Derretimento do gelo no Ártico altera nutrientes do oceano

De acordo com o estudo, o sistema entrou em uma nova fase por volta de 2009. A partir desse período, as concentrações de nitrato nas águas polares superficiais caíram de forma acentuada e não se recuperaram até o fim da série histórica analisada. Antes de 2009, a concentração média era de 3,1 micromolar; depois, caiu para 1,7 micromolar, com valores próximos de zero aparecendo com mais frequência.

O nitrato funciona como uma espécie de “fertilizante” natural para o fitoplâncton. Quando esse nutriente diminui, a produtividade desses organismos pode ser limitada, reduzindo a quantidade de energia disponível para espécies maiores, como zooplâncton, peixes, aves marinhas e mamíferos.

Fitoplâncton sustenta a cadeia alimentar marinha

O fitoplâncton é fundamental para o equilíbrio dos oceanos. Esses organismos realizam fotossíntese, servem de alimento para pequenos animais marinhos e ajudam a transferir energia para níveis mais altos da cadeia alimentar.

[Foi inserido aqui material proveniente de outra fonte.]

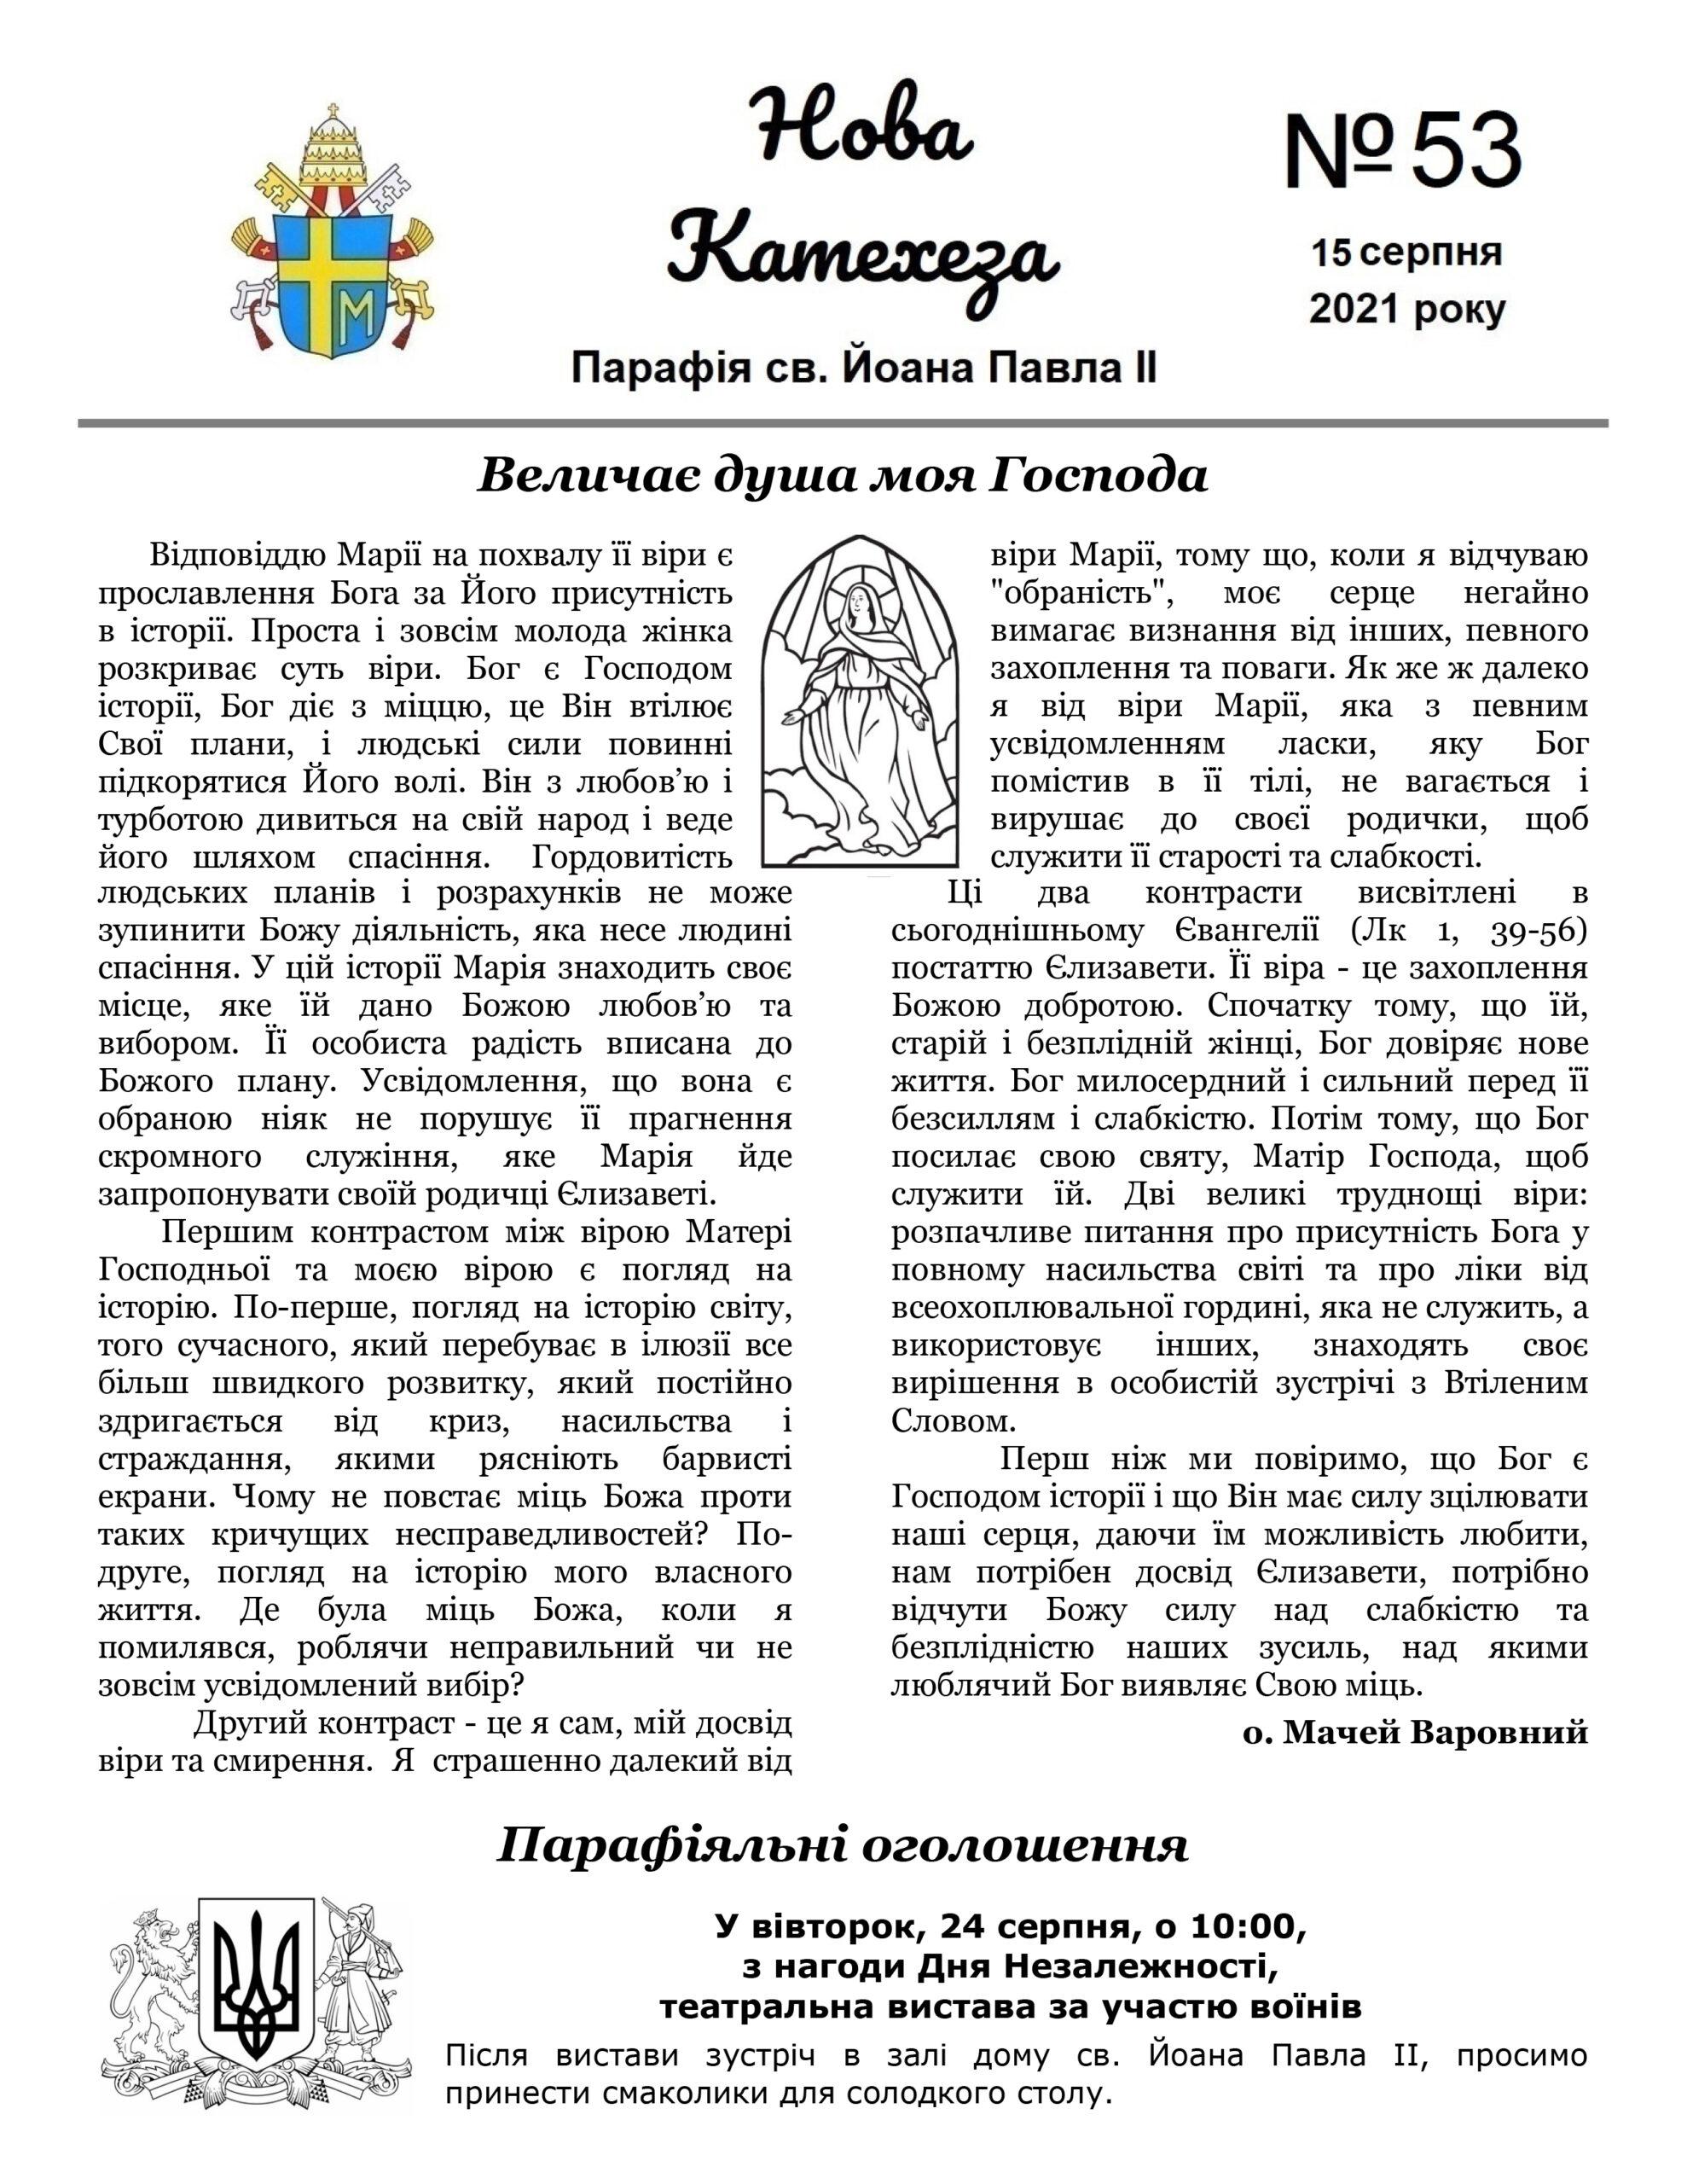 53-й номер парафіяльної газети

Durante anos, cientistas acreditavam que a perda de gelo poderia aumentar a produção de fitoplâncton, já que mais luz solar chegaria à superfície do oceano. O novo estudo indica que essa relação mudou: com menos gelo e mais luz, a produtividade aumentou em algumas áreas, mas também acelerou processos no fundo do mar que removem nitrato da água.

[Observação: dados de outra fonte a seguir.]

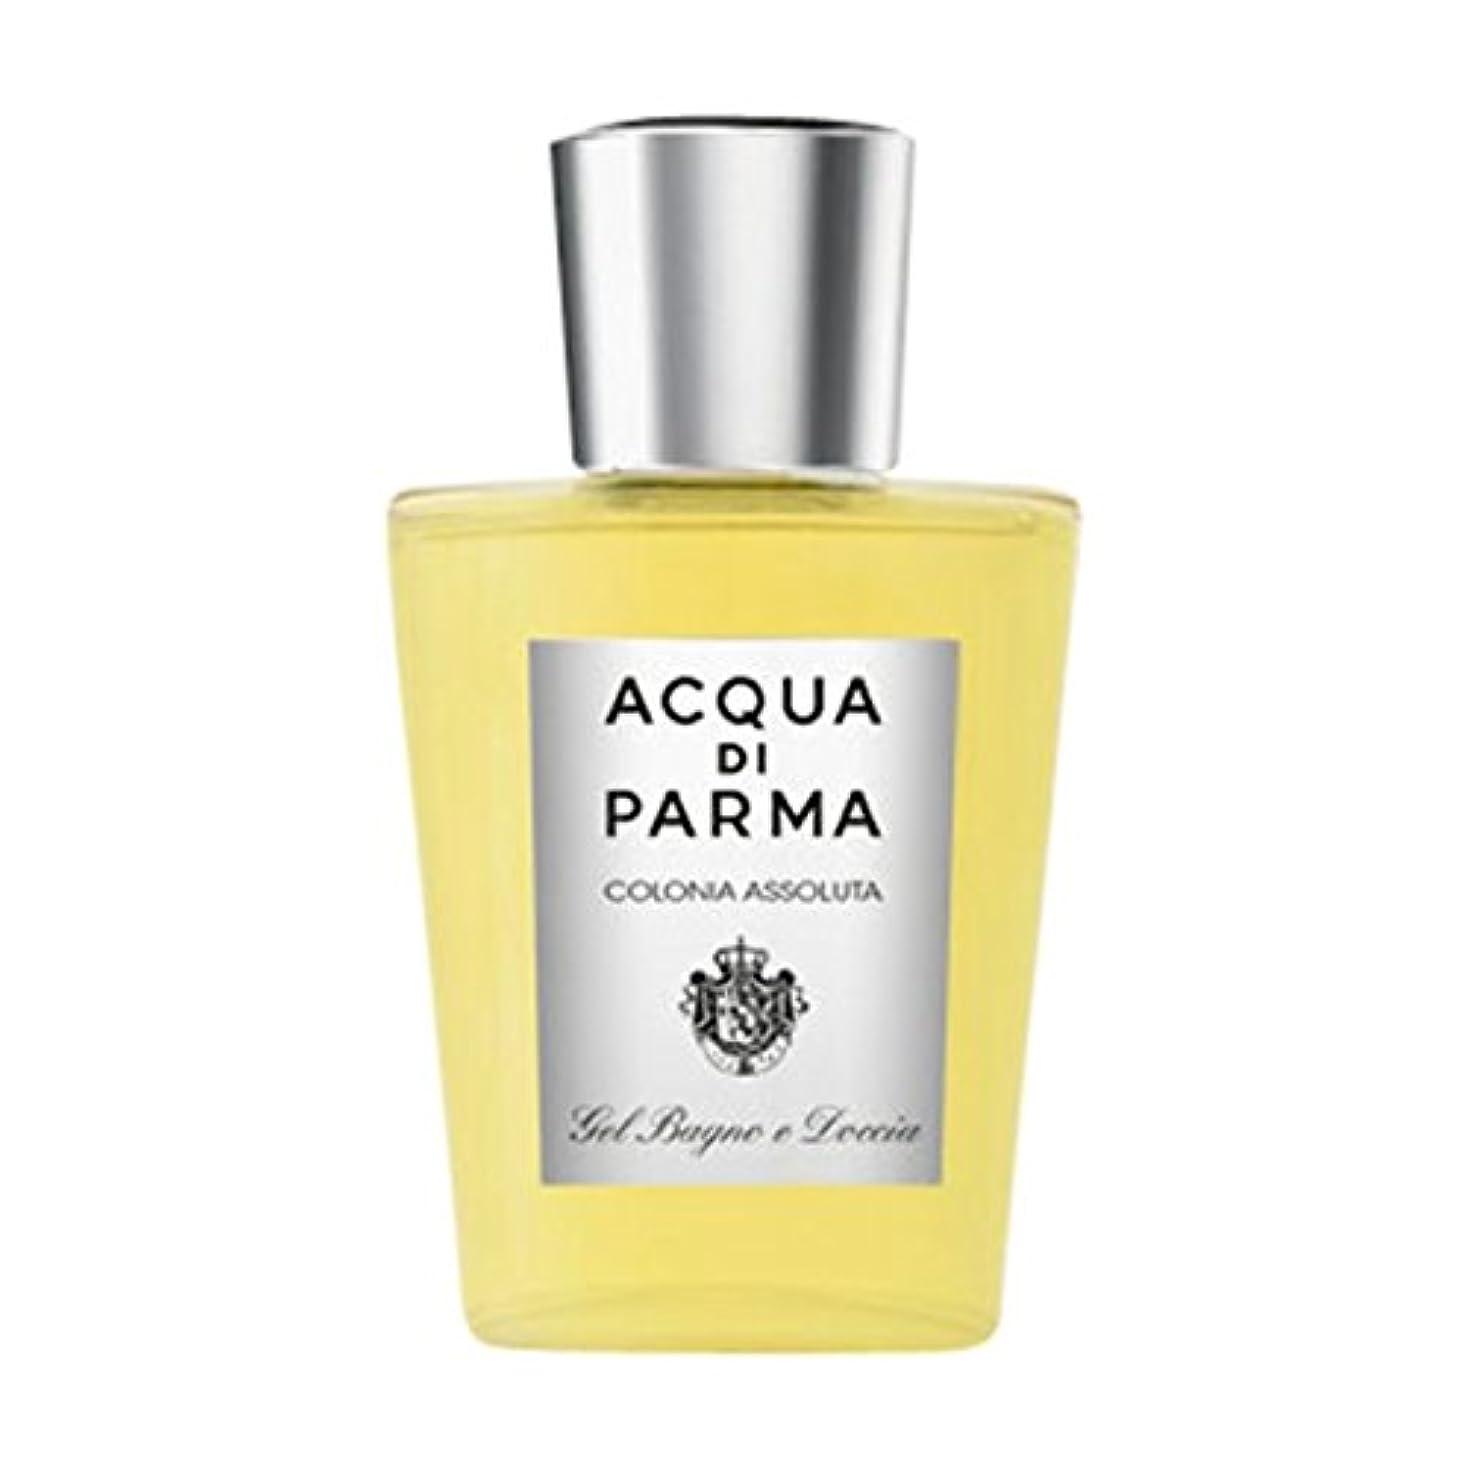 補償任命植物学者アクアディパルマコロニアAssoluta風呂とシャワージェル (Acqua di Parma) - Acqua di Parma Colonia Assoluta Bath and Shower Gel [並行輸入品]

Esse processo é chamado de desnitrificação bentônica. Ele ocorre em regiões rasas da plataforma continental, onde o nitrato é convertido em gás nitrogênio e deixa de ficar disponível para os organismos que dependem dele. Segundo os pesquisadores, esse mecanismo ganhou força especialmente nas plataformas da Sibéria e do Alasca.

Mudança pode favorecer organismos menores

A queda do nitrato pode alterar quais tipos de fitoplâncton conseguem prosperar no Ártico. Segundo os cientistas, ambientes com menos nitrato tendem a favorecer espécies menores, que transferem energia de forma menos eficiente para animais maiores.

Isso significa que a mudança não afeta apenas microrganismos invisíveis a olho nu. Ela pode chegar a peixes, aves, baleias e outros animais que dependem de uma cadeia alimentar produtiva. Os pesquisadores alertam que as consequências completas ainda precisam ser acompanhadas, inclusive em regiões conectadas ao Ártico, como o Atlântico Norte.

Oceano também pode armazenar menos carbono

Além do impacto sobre a vida marinha, a redução do fitoplâncton pode afetar a capacidade do oceano de retirar dióxido de carbono da atmosfera. Esses organismos absorvem carbono durante a fotossíntese e parte desse material pode afundar, ajudando no armazenamento de carbono em águas profundas.

Se a produtividade do fitoplâncton for limitada pela falta de nutrientes, esse mecanismo natural pode se tornar menos eficiente. Por isso, a mudança observada no Ártico não é apenas uma questão ambiental regional, mas também um alerta climático global.

Ártico exige monitoramento contínuo

O estudo também mostra que o Ártico está mudando rapidamente. Desde 1990, a concentração de gelo marinho em setembro nas plataformas da Sibéria e do Alasca caiu cerca de 50%, enquanto o tempo médio de permanência do gelo no Oceano Ártico passou de 4,3 para 2,7 anos.

Para os pesquisadores, o ecossistema pode ter passado por um ponto de inflexão por volta de 2009. A recomendação é ampliar o monitoramento químico e biológico das águas do Ártico para entender como a perda de nitrato afetará a pesca, a biodiversidade e o papel dos oceanos no equilíbrio climático.